**Work item:** Please reproduce all of the listing below exactly and drop its images.

**Raw data:**
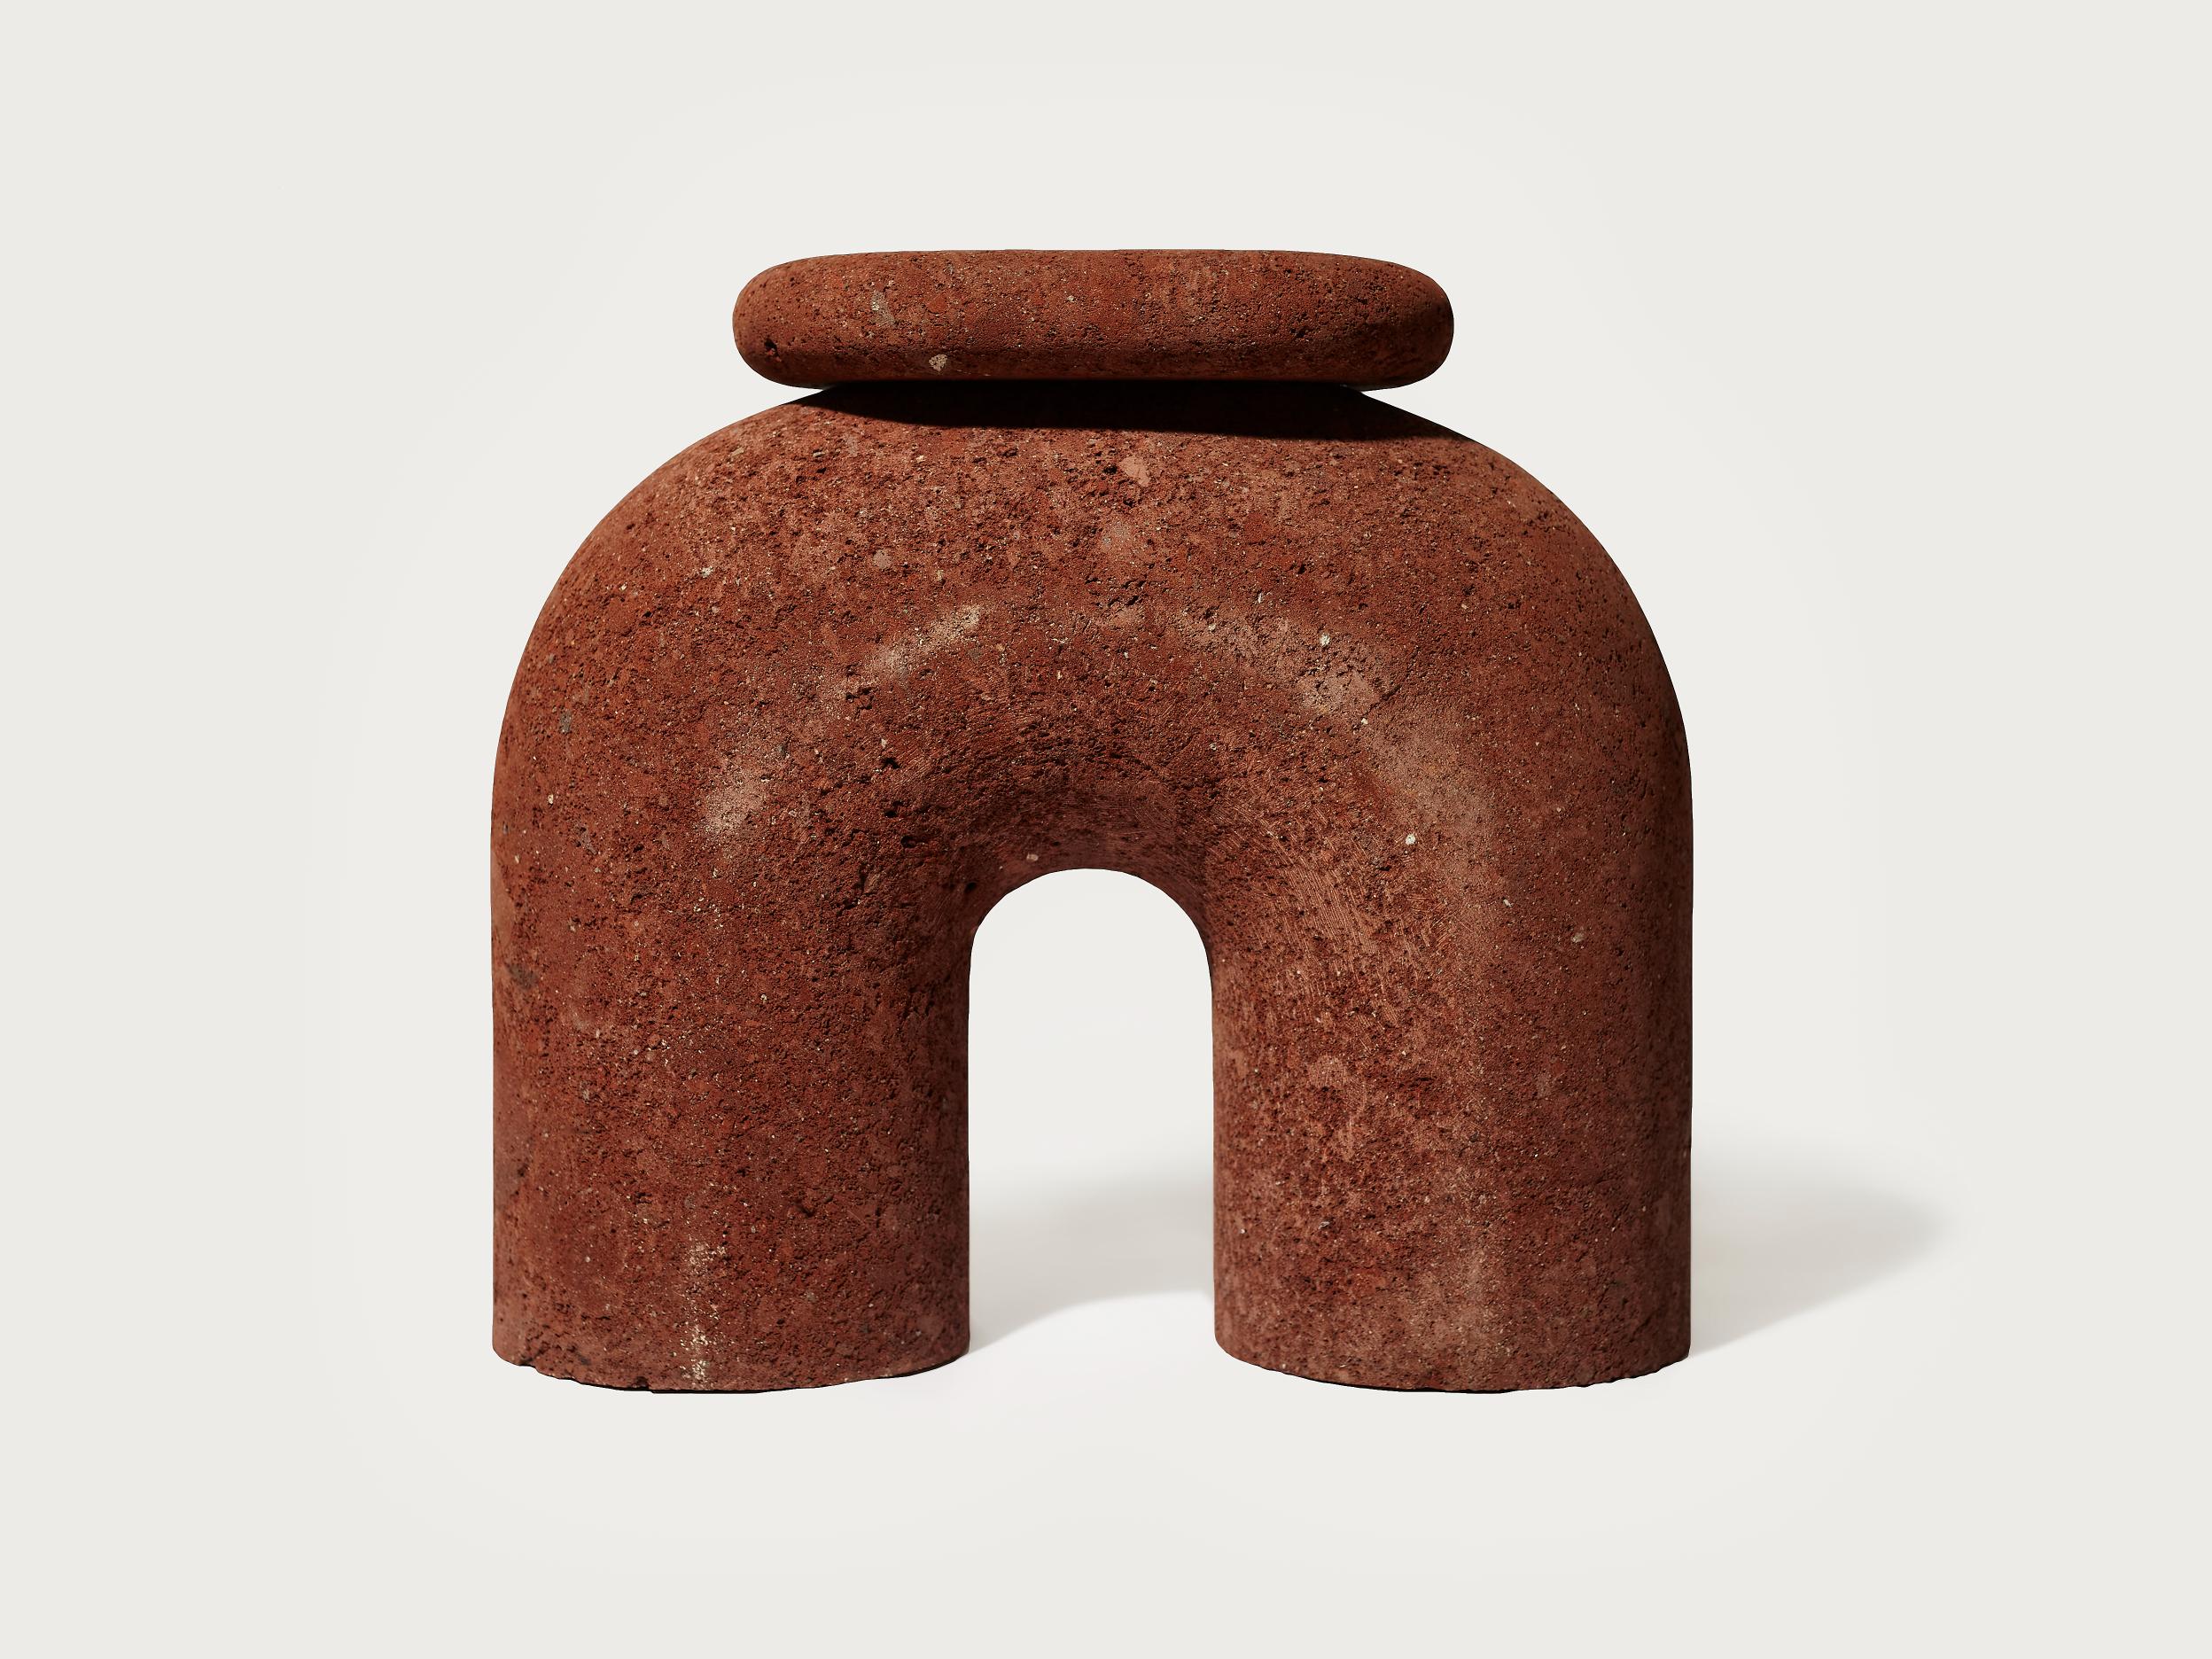 Neolithic thinker stool by Panorammma
Materials: tezontle (red volcanic rock). 
Dimensions: 45 x 50 x 20 cm.

Panorammma is a furniture design atelier based in Mexico City that seeks to redefine our relation to functional objects through

**Response box:**
 Neolithic thinker stool by Panorammma
Materials: tezontle (red volcanic rock). 
Dimensions: 45 x 50 x 20 cm.

Panorammma is a furniture design atelier based in Mexico City that seeks to redefine our relation to functional objects through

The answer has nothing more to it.